====== RECORDS FOR PROCESSING
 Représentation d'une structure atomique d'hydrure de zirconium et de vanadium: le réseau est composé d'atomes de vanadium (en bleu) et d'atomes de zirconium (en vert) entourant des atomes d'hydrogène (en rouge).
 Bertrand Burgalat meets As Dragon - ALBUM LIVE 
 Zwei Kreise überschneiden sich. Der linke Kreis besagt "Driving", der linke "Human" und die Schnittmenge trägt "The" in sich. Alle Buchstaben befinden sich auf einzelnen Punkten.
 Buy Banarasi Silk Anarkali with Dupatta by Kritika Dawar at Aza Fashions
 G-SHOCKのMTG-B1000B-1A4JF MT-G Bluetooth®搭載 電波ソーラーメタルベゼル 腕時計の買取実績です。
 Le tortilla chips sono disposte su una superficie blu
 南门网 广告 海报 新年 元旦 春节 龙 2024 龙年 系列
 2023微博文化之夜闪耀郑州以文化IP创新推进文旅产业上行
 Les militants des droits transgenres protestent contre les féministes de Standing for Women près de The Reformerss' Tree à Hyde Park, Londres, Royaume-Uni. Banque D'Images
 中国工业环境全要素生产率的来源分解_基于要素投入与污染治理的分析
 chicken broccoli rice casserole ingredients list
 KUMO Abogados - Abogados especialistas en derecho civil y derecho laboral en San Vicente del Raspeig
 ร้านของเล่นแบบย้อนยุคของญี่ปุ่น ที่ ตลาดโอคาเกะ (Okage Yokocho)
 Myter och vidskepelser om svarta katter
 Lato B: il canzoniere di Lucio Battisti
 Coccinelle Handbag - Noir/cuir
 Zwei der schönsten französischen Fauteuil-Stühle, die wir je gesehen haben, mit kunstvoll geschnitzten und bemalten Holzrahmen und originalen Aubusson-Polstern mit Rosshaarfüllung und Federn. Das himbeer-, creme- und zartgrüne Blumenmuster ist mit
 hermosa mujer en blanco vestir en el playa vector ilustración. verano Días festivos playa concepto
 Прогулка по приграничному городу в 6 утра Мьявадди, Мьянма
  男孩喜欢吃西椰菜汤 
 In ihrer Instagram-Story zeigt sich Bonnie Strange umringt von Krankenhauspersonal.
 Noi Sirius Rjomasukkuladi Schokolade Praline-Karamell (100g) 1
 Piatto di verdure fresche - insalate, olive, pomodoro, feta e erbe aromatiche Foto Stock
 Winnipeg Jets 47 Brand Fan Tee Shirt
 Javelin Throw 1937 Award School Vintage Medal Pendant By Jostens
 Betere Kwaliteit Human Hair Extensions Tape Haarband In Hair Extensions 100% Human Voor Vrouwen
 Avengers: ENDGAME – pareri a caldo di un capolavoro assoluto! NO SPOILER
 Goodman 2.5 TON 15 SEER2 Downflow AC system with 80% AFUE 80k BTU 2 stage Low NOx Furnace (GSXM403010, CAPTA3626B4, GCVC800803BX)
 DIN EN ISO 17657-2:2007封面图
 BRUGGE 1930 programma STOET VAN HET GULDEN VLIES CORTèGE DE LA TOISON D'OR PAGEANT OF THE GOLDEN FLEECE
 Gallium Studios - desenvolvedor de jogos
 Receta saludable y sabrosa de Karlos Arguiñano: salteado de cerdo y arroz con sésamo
============
**PROBLEM TO SOLVE**
For this task, please set down every entry exactly, with no line left out.

**WRITTEN ANSWER**
 Représentation d'une structure atomique d'hydrure de zirconium et de vanadium: le réseau est composé d'atomes de vanadium (en bleu) et d'atomes de zirconium (en vert) entourant des atomes d'hydrogène (en rouge).
 Bertrand Burgalat meets As Dragon - ALBUM LIVE 
 Zwei Kreise überschneiden sich. Der linke Kreis besagt "Driving", der linke "Human" und die Schnittmenge trägt "The" in sich. Alle Buchstaben befinden sich auf einzelnen Punkten.
 Buy Banarasi Silk Anarkali with Dupatta by Kritika Dawar at Aza Fashions
 G-SHOCKのMTG-B1000B-1A4JF MT-G Bluetooth®搭載 電波ソーラーメタルベゼル 腕時計の買取実績です。
 Le tortilla chips sono disposte su una superficie blu
 南门网 广告 海报 新年 元旦 春节 龙 2024 龙年 系列
 2023微博文化之夜闪耀郑州以文化IP创新推进文旅产业上行
 Les militants des droits transgenres protestent contre les féministes de Standing for Women près de The Reformerss' Tree à Hyde Park, Londres, Royaume-Uni. Banque D'Images
 中国工业环境全要素生产率的来源分解_基于要素投入与污染治理的分析
 chicken broccoli rice casserole ingredients list
 KUMO Abogados - Abogados especialistas en derecho civil y derecho laboral en San Vicente del Raspeig
 ร้านของเล่นแบบย้อนยุคของญี่ปุ่น ที่ ตลาดโอคาเกะ (Okage Yokocho)
 Myter och vidskepelser om svarta katter
 Lato B: il canzoniere di Lucio Battisti
 Coccinelle Handbag - Noir/cuir
 Zwei der schönsten französischen Fauteuil-Stühle, die wir je gesehen haben, mit kunstvoll geschnitzten und bemalten Holzrahmen und originalen Aubusson-Polstern mit Rosshaarfüllung und Federn. Das himbeer-, creme- und zartgrüne Blumenmuster ist mit
 hermosa mujer en blanco vestir en el playa vector ilustración. verano Días festivos playa concepto
 Прогулка по приграничному городу в 6 утра Мьявадди, Мьянма
  男孩喜欢吃西椰菜汤 
 In ihrer Instagram-Story zeigt sich Bonnie Strange umringt von Krankenhauspersonal.
 Noi Sirius Rjomasukkuladi Schokolade Praline-Karamell (100g) 1
 Piatto di verdure fresche - insalate, olive, pomodoro, feta e erbe aromatiche Foto Stock
 Winnipeg Jets 47 Brand Fan Tee Shirt
 Javelin Throw 1937 Award School Vintage Medal Pendant By Jostens
 Betere Kwaliteit Human Hair Extensions Tape Haarband In Hair Extensions 100% Human Voor Vrouwen
 Avengers: ENDGAME – pareri a caldo di un capolavoro assoluto! NO SPOILER
 Goodman 2.5 TON 15 SEER2 Downflow AC system with 80% AFUE 80k BTU 2 stage Low NOx Furnace (GSXM403010, CAPTA3626B4, GCVC800803BX)
 DIN EN ISO 17657-2:2007封面图
 BRUGGE 1930 programma STOET VAN HET GULDEN VLIES CORTèGE DE LA TOISON D'OR PAGEANT OF THE GOLDEN FLEECE
 Gallium Studios - desenvolvedor de jogos
 Receta saludable y sabrosa de Karlos Arguiñano: salteado de cerdo y arroz con sésamo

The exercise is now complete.